Among the entries below, find the line with "コードレス野望激しい業務用ボディソープ 殺菌成分配合?消毒石鹸液 グリンソープ", then quote it and each following line up to and including the line with "Estee Lauder nail polish in Molten Lava", and nothing else.

Task input |
"""
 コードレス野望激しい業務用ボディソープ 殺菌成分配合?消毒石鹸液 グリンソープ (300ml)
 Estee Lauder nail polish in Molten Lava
"""
"""
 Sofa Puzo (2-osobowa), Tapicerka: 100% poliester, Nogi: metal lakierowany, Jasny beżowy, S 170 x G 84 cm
"""
Task output |
 コードレス野望激しい業務用ボディソープ 殺菌成分配合?消毒石鹸液 グリンソープ (300ml)
 Estee Lauder nail polish in Molten Lava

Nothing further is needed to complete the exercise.